His flashbacks and dreams of the past drove him to be hypervigilant, fear strangers, and fend off sleep to avoid nightmares.

Being the partner of someone who has PTSD can be challenging — and frustrating — for many reasons. You want to take away their pain, but you’re also dealing with your own guilt at needing to care for yourself, too.

You want to have all the answers, but you often have to come to grips with the reality that this is a condition that can’t be loved out of someone.

That said, understanding the
disorder can help make it easier for both you and your partner to communicate
and set healthy boundaries.

I spent years trying to understand how PTSD affected my partner, and, ultimately, had to walk away from our relationship. Here’s what I learned.

PTSD is a debilitating anxiety disorder that occurs after a traumatic event, like war combat. Experts estimate 6% of US adults will have PTSD to varying degrees in their lifetime. Like depression or other mental and behavioral issues, it’s not something that a person can snap out of.

Symptoms arise anywhere from 3 months to years after the triggering event.
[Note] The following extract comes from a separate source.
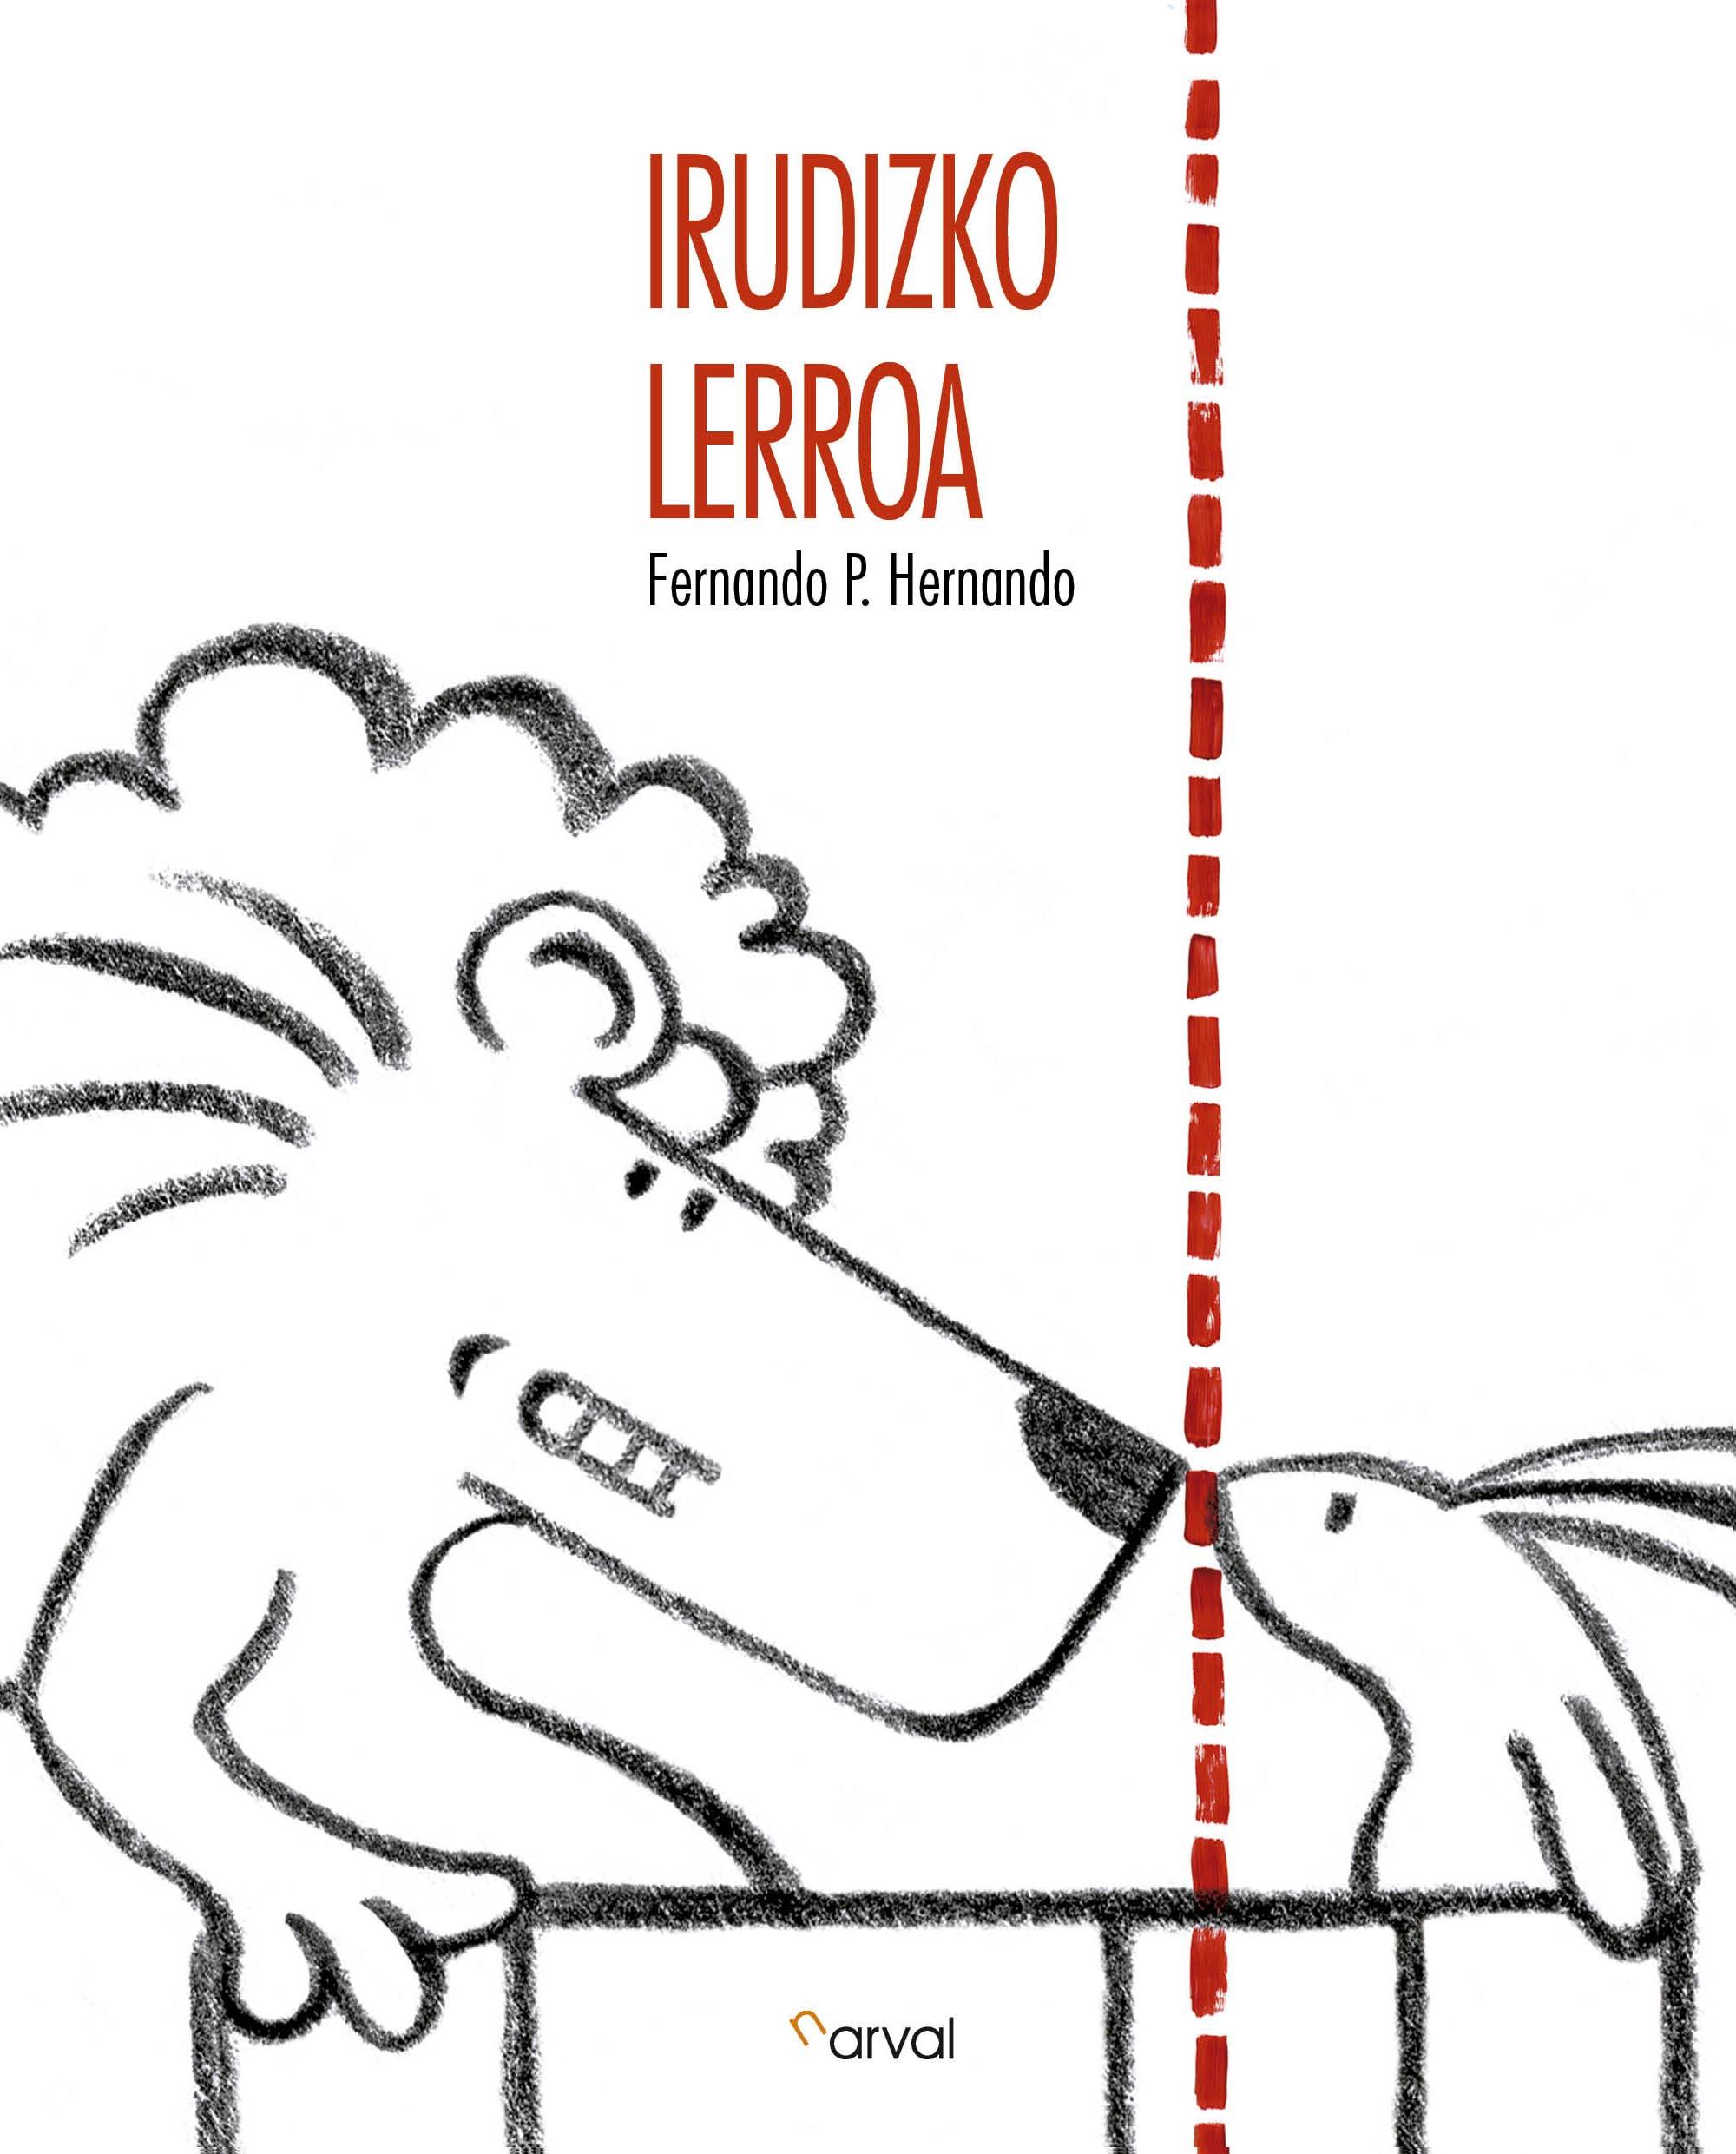 Irudizko Lerroa

In order to be characterized as PTSD, the person must exhibit these traits:

  • At least one re-experiencing symptom (like
    flashbacks, bad dreams, or frightening thoughts). D. installed security cameras
    in his home to monitor threats and had terrible nightmares.
  • At least one avoidance symptom. D. didn’t like
    crowds and would avoid activities that included a lot of people.
  • At least two arousal and reactivity symptoms. D.
    had a very short fuse and would get frustrated easily when he wasn’t
    understood.
  • At least two cognition and mood symptoms, such as negative self-esteem, guilt, or blame. D. would often say to me, “Why do you love me? I don’t see what you see.”

D. once described his PTSD to me like a constant waiting game for ghosts to jump from around the corner. It was a reminder that bad things happened, and that that feeling might never stop. Loud noises made it worse, like thunder, fireworks, or truck backfire.

There was a time we sat
outside watching fireworks, and he held my hand until my knuckles turned white,
telling me the only way he could sit through them was to have me next to him.

For us, these symptoms made basic relationship things difficult, like going out to dinner to a place that was new to him.

And then there was the skittishness and aggression, which are common for people with PTSD. I couldn’t come up behind him without first giving him warning — especially when he had headphones on.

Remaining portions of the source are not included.